Le petit sourire suffisant sur les lèvres d'Adrien fit lever les yeux de Sabine au ciel. Aya regarda entre les deux, un peu blessée qu'Adrien ait reprit la conversation en français, l'excluant involontairement – ou volontairement ? – de leur échange. Son portable vibra alors elle s'excusa, non sans lancer un regard assassin à son petit-ami. Adrien ne le vit qu'à moitié et se concentra sur Sabine.

« Tu veux un café ? Manger quelque chose ?

- C'est gentil Adrien. Mais je ne vais pas tarder et rejoindre Tom.

- Je suis désolé de ne pas avoir pu venir hier. »

Les sourires se fanèrent légèrement. Le regard de Sabine devint plus doux, plus maternel.

« On comprend. Tu nous as manqué mais on comprend parfaitement. Rassura-t-elle. Et sincèrement… je crois que Mari' avait besoin d'un peu d'espace. »

Elle avait hésité à ajouter cette dernière partie. Mais elle savait que Mari' et Adrien se disaient tout. C'était une règle qu'ils s'étaient établi après le premier vrai fiasco qui avait suivi leur première séparation. Ils avaient trop souffert des non-dits qui ont finis par une soirée qui les avait brisés tous les deux. Elle ne se souvenait que trop bien dans l'état qu'était Marinette après cette soirée et son cœur se vrillait encore sur lui-même en y pensant. Alors, elle aussi serait franche avec lui. Les mots attristèrent Adrien. Son regard se voila d'un quelque chose qu'elle n'arrivait pas à déterminer.

« Elle… elle va bien ?

- Autant que toi j'ai l'impression. »

Ce n'était pas une critique. Juste une parole d'une femme inquiète. Elle le couva du regard. Il jeta un coup d'œil dans la direction où était partie Aya. Lorsqu'il ne le vit pas, il laissa un profond soupir s'échapper de ses lèvres.

« Si tu as besoin de quelqu'un pour parler… tu sais que jamais je ne te jugerais, n'est-ce pas ? »

Le ton encourageant de Sabine le fit sourire rapidement. Il se râcla la gorge.
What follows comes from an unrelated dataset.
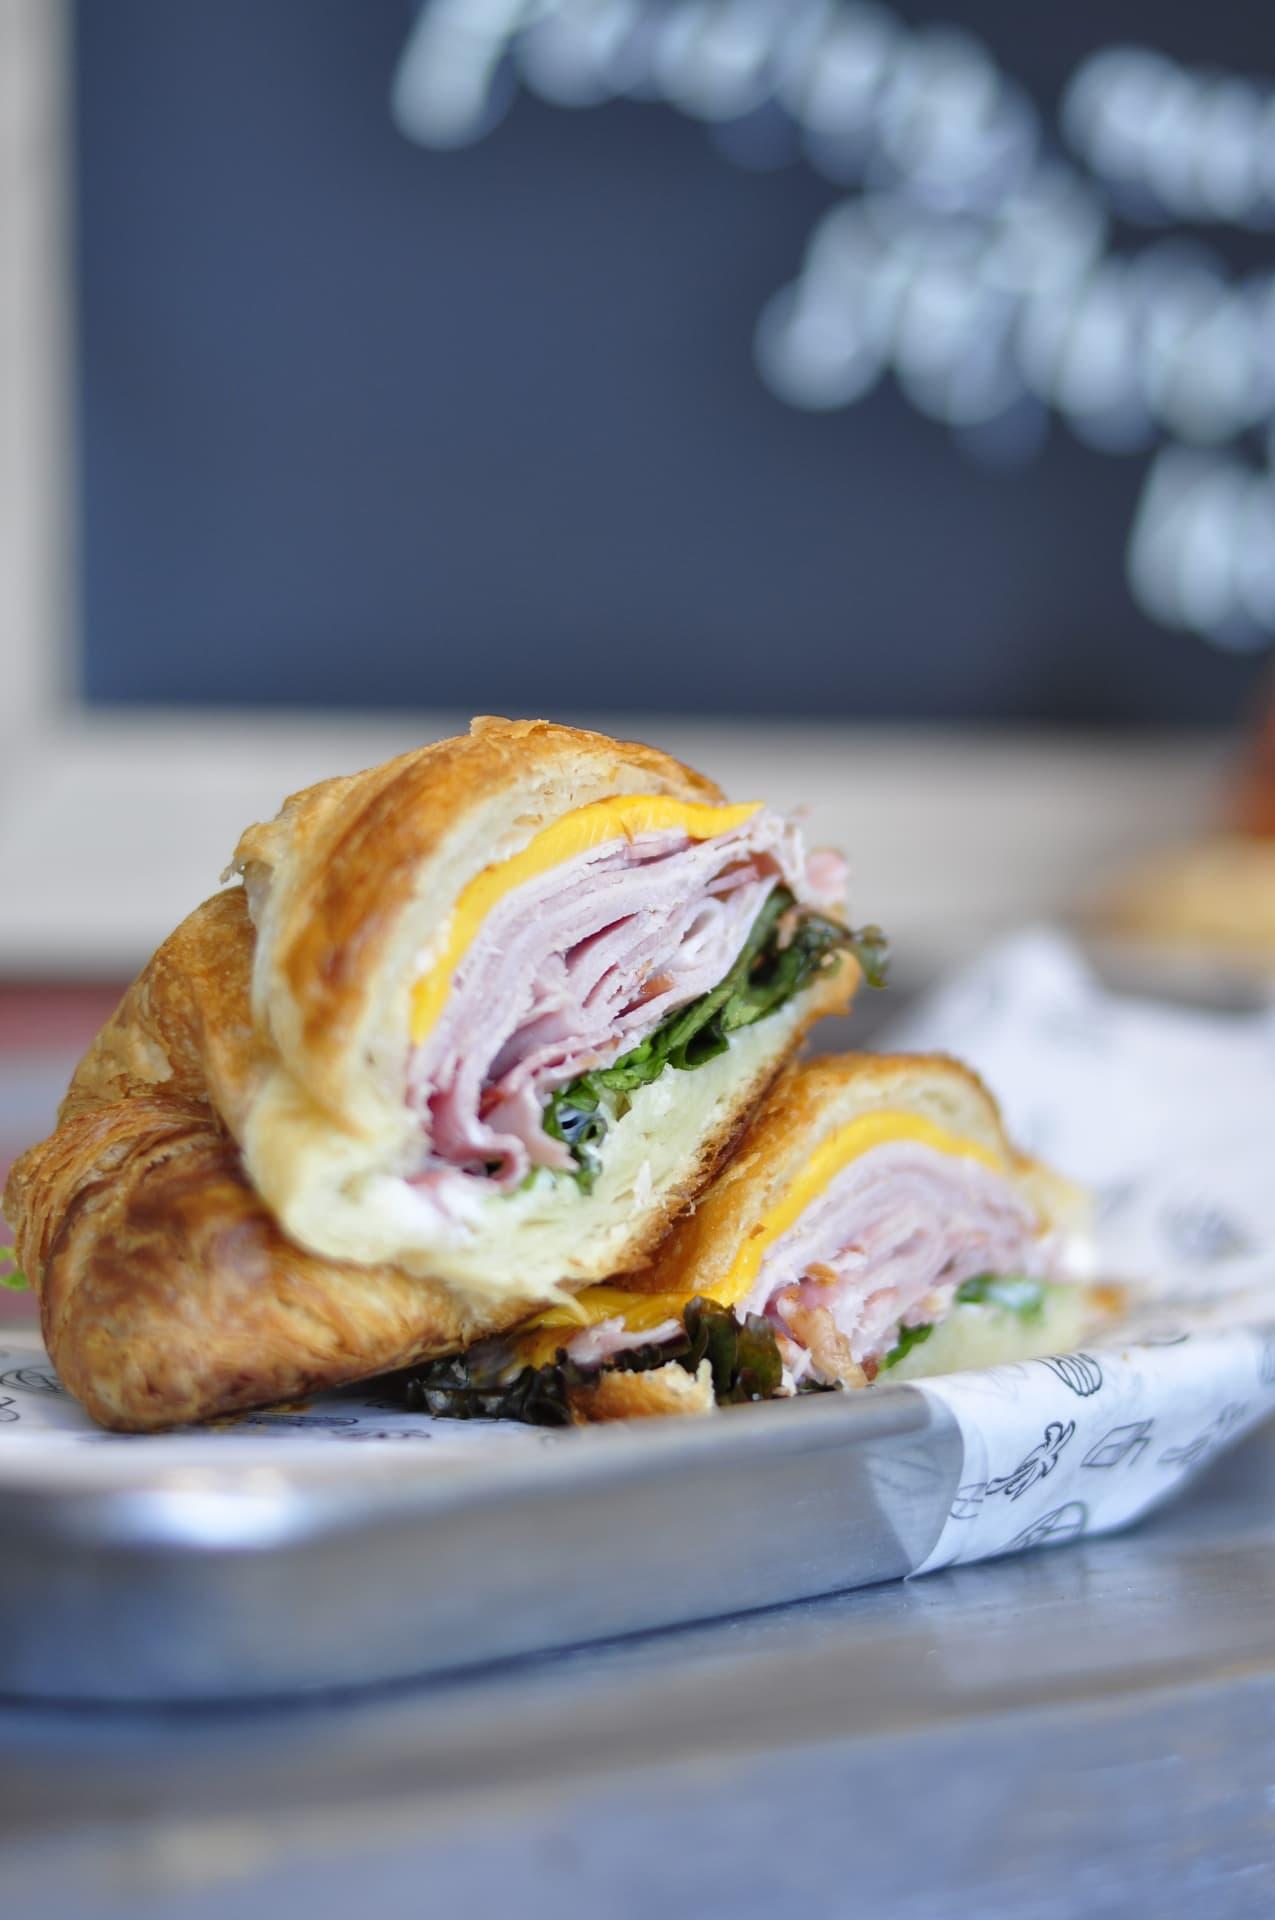 Turkey or Ham & Cheese

« Qu'est-ce qu'elle vous a dit ?

- Le principal. Le plus important.

- Vous n'êtes pas fâchée ?

- Pourquoi le serais-je ?

- Je ne sais pas… parce qu'on a… »

Il laissa le silence finir sa phrase. Les mots « presque trompés nos conjoints respectifs » étaient trop lourds pour sortir de ses lèvres. Ou même « parce que je n'arrête pas de la blesser, encore et encore, même après tout ce temps » était bien trop dur pour lui à admettre. Avoir Aya non loin d'eux le gênait. Même si elle ne comprenait pas ce qu'ils pouvaient dire, si elle les écoutait, il sentait que c'était une trahison qu'il n'était pas encore prêt à faire. Ce n'était pas juste pour elle.
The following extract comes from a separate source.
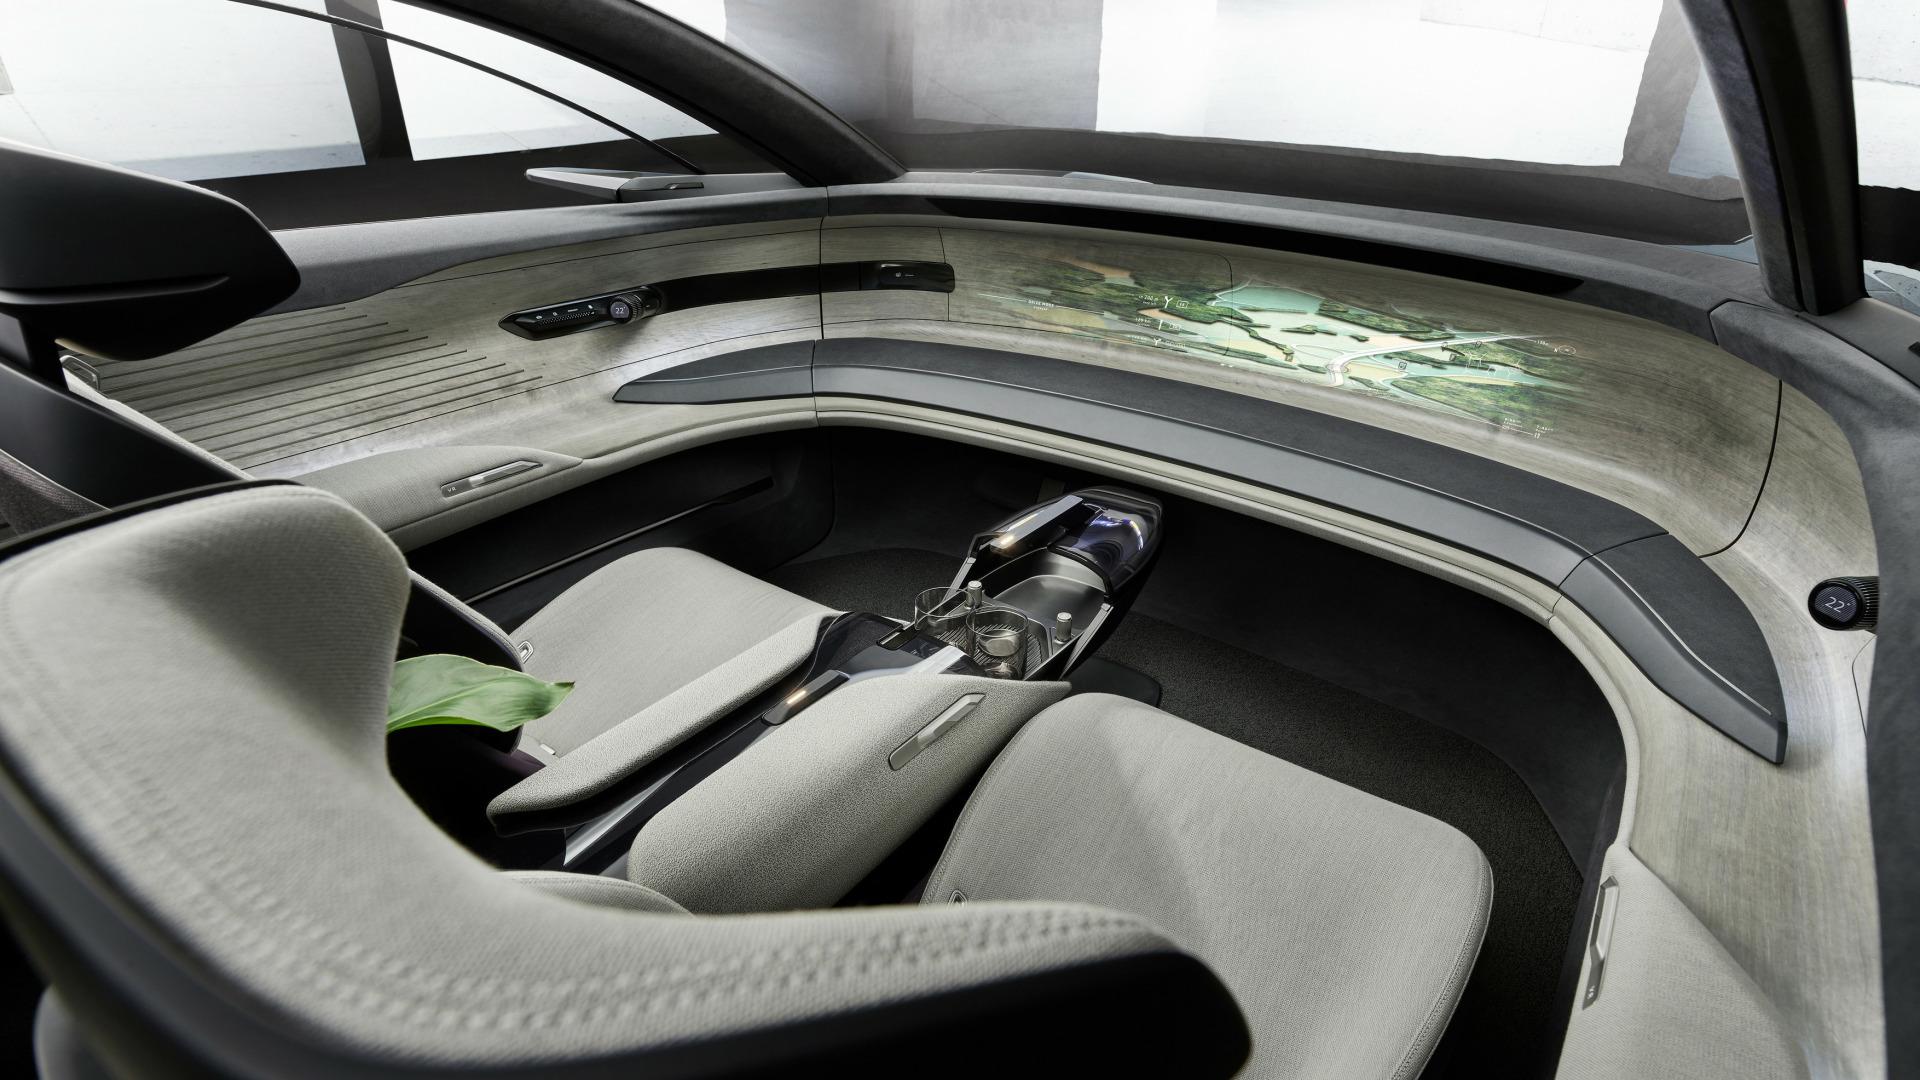 Video, Werbespot, Elektroautos, Bilder, Konzept, Audi, Luxus, Limousine, Grandsphere concept, Concept, Grandsphere, Luxuslimousine

« Adrien, chéri. Sabine s'approcha de lui et posa sa main sur son avant-bras pour attraper son regard. Je vais te dire ce que j'ai dit à Marinette. Vous êtes humains. Vous êtes jeunes. Et vous partagez un lien indéfinissable depuis le début. Personne, surtout pas vous, n'a le droit de vous blâmer pour ressentir quoique ce soit. Ne t'excuse jamais d'avoir des sentiments envers quelqu'un. Tu ne peux pas tout contrôler dans ta vie. Je sais que tu as été éduqué avec cette notion à cause de ton père… mais il a tort. Personne ne peut contrôler ce que veut son cœur. »

Elle posa une main protectrice sur sa joue, cherchant à le réconforter d'une manière ou d'une autre. Lui qui avait perdu sa mère, il s'étonnait toujours de voir avec quelle facilité il avait ce sentiment qui l'envahissait dès que Sabine s'occupait de lui. Il se sentait aimé, choyé. Il se sentait comme un membre appartenant pleinement à leur famille.

Il l'encercla dans ses bras.

« C'est dur. Vacilla-t-il, luttant contre les larmes.

- Ce n'est jamais facile chéri. Mais vous vous en sortirez. D'une manière ou d'une autre. »

Ils restèrent là quelques instants. Seul le son de la voix d'Aya leur parvenait par moment. Après ce qui lui sembla une éternité, Adrien consentit à libérer la femme de ses bras. Il lui sourit, la remerciant silencieusement. Elle inspira et désigna le sac au sol du regard.

« J'ai déjà prévenue Mari' que je lui avais tout rapporté, bien qu'il n'y ait pas grand chose.

- J'irais les mettre dans sa chambre. Ou dans la cuisine, compléta-t-il en voyant un moule à pâtisserie dépasser.

- Merci. Je vais y aller. On se voit au mariage ?

- Sûr. Et merci Sabine. Pour votre soutien.

- Toujours Adrien. Tu fais partie de la famille. »

Son cœur se gonfla d'amour et de chaleur, comme à chaque fois qu'il entendait ces mots - surtout ceux venant de la bouche d'un Dupain-Cheng. Ses yeux pétillèrent d'un nouvel éclat. Aya sortit de sa chambre et vint les rejoindre.

« Encore ravie d'avoir pu vous rencontrer Aya. Reprit Sabine poliment. On se verra plus tard.

- Au revoir. Sourit-elle, se blottissant contre son petit-ami. »

Sabine jeta un autre regard vers Adrien et tourna les talons.

« Si je peux me permettre une dernière chose. Ne put-elle s'empêcher de rajouter, en français. »

Sabine s'arrêta sur le pas de la porte et lança un regard en arrière, planta ses yeux amandes dans la verdure de ceux d'Adrien. Aya la regardait aussi mais elle préféra ne pas s'en occuper.

« Il n'y a qu'un seul véritable amour dans une vie. Et tous n'ont pas la chance de le rencontrer. »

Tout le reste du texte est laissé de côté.